Required work> Below this line are records; transcribe exactly the lines between the one holding "Windmill model represented" and the one holding "This high quality", inclusive, and omit the pictures.

Exercise materials>
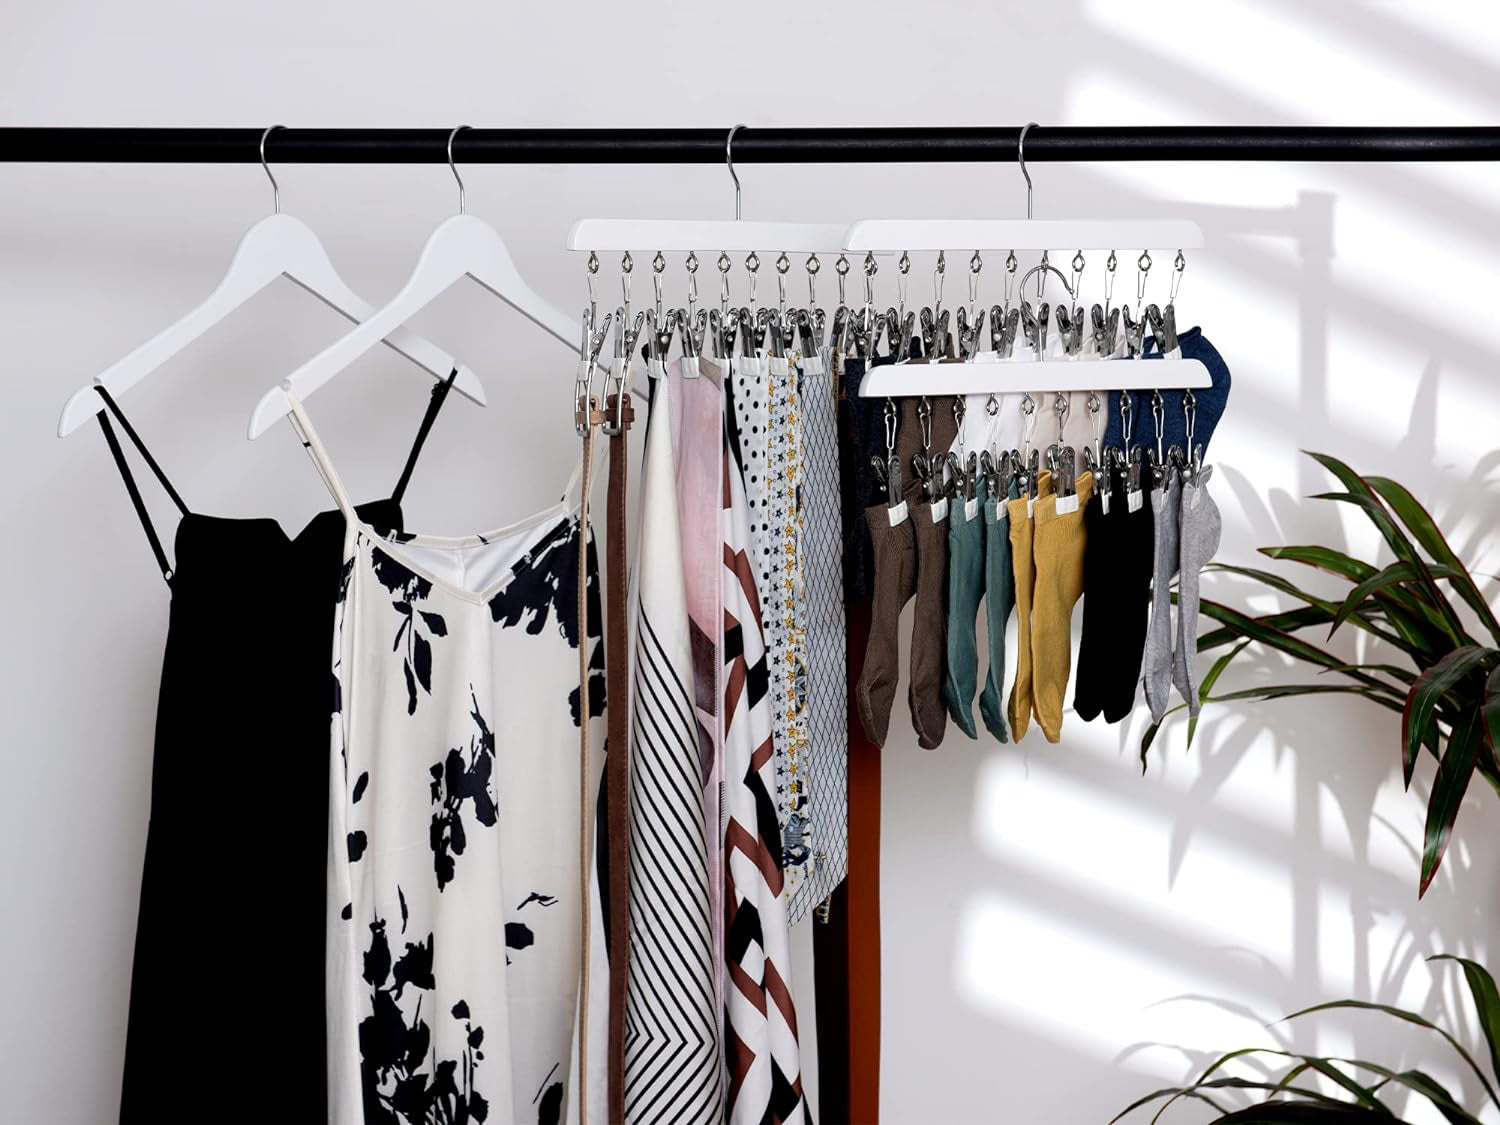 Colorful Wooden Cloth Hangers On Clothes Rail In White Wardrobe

---

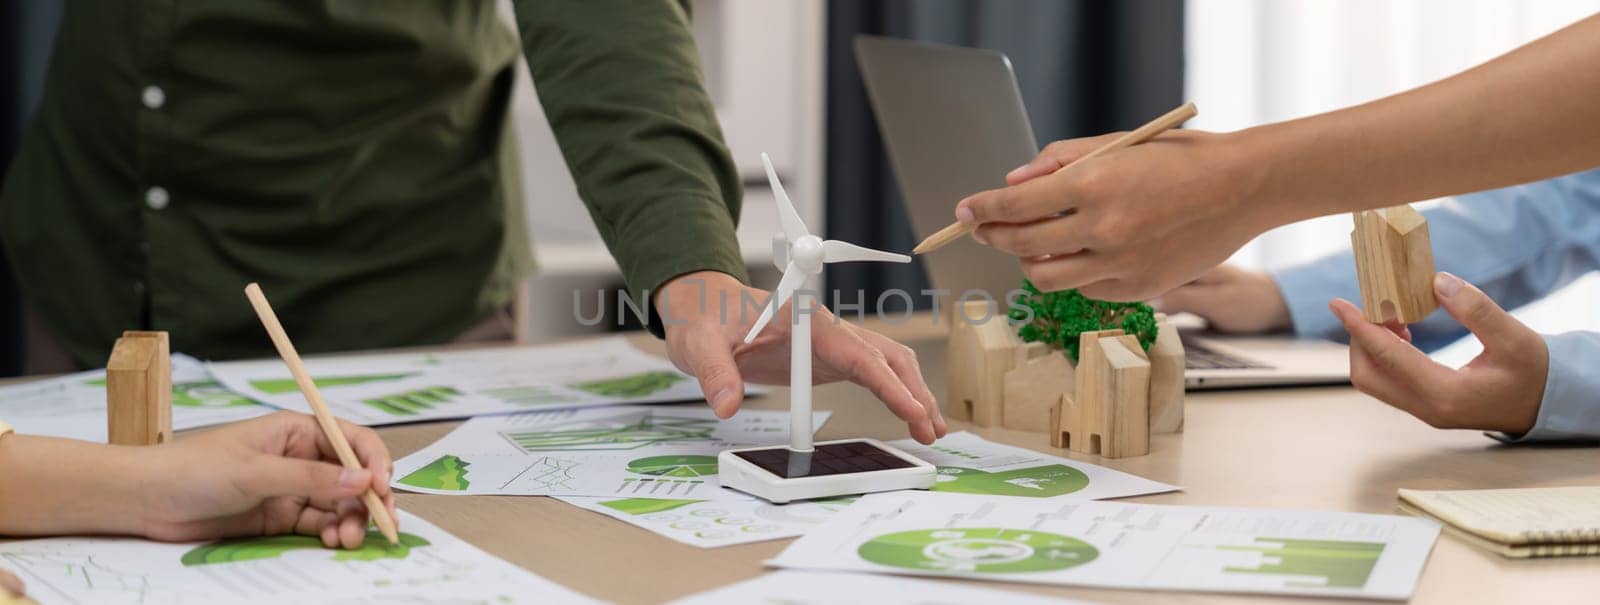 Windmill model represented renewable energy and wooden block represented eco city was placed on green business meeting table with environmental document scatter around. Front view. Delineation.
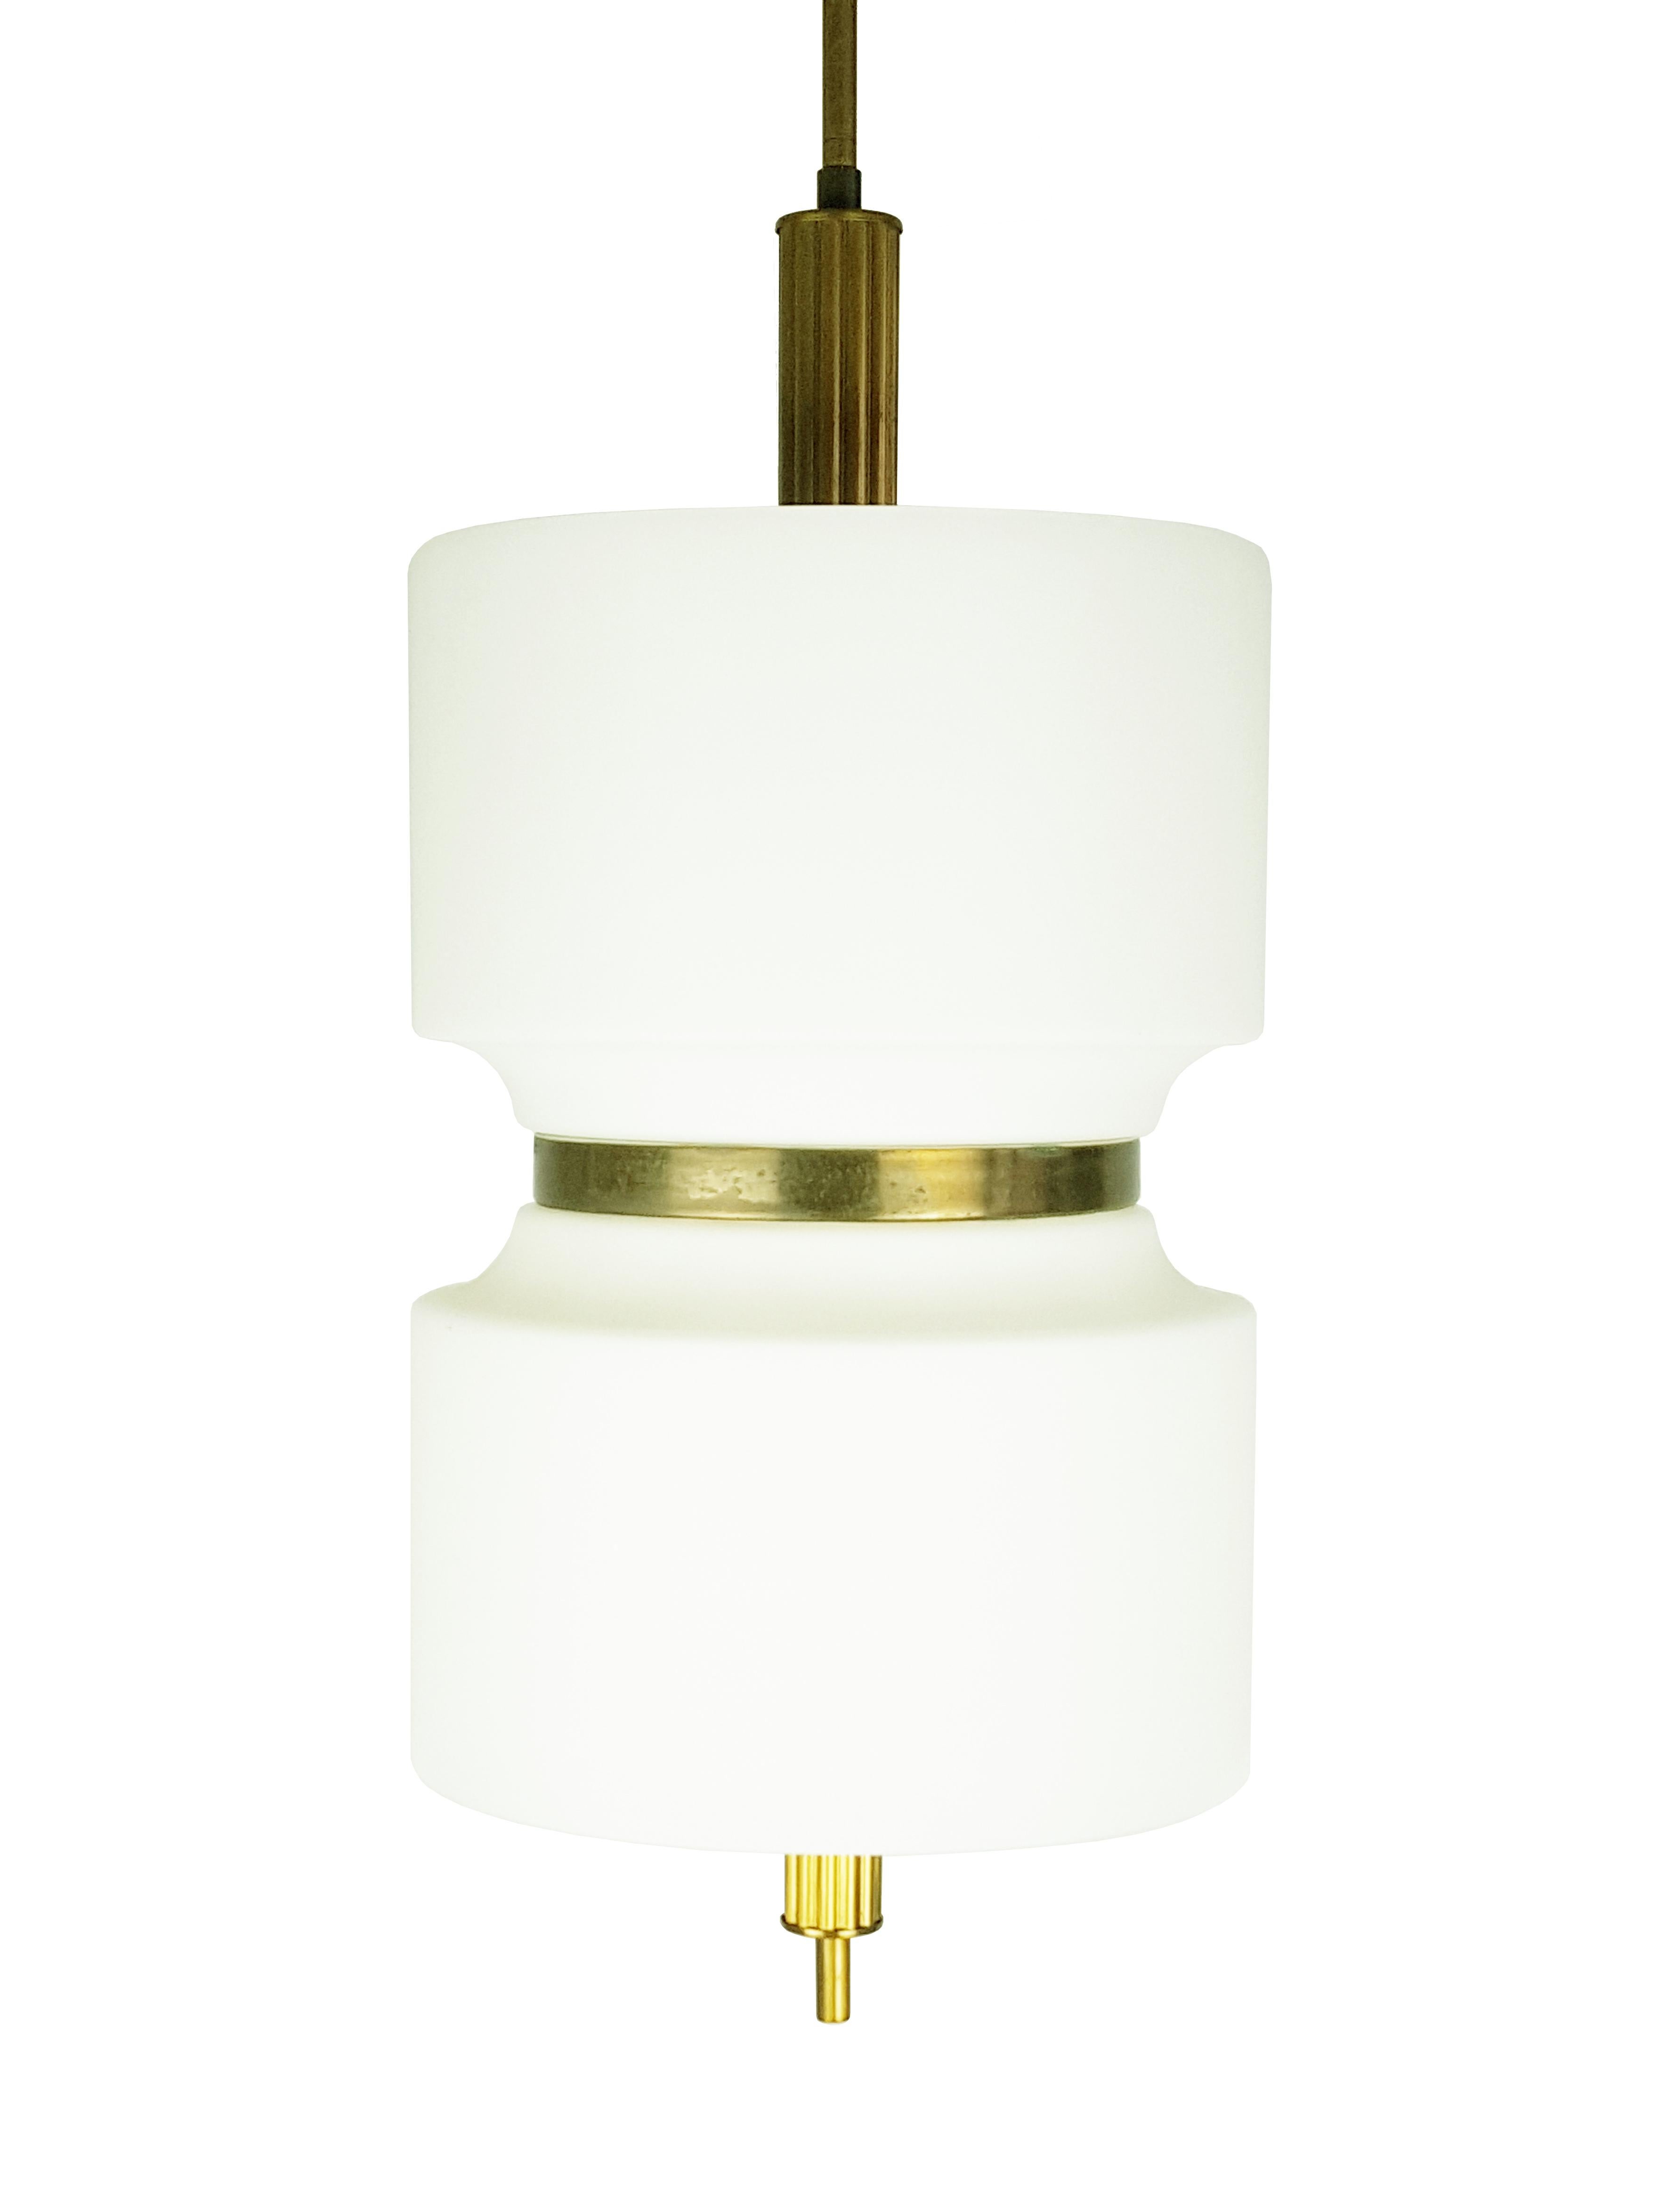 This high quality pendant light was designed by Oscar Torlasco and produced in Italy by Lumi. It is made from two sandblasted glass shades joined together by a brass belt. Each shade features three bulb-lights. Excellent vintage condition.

Expected answer>
 Windmill model represented renewable energy and wooden block represented eco city was placed on green business meeting table with environmental document scatter around. Front view. Delineation.
 This high quality pendant light was designed by Oscar Torlasco and produced in Italy by Lumi. It is made from two sandblasted glass shades joined together by a brass belt. Each shade features three bulb-lights. Excellent vintage condition.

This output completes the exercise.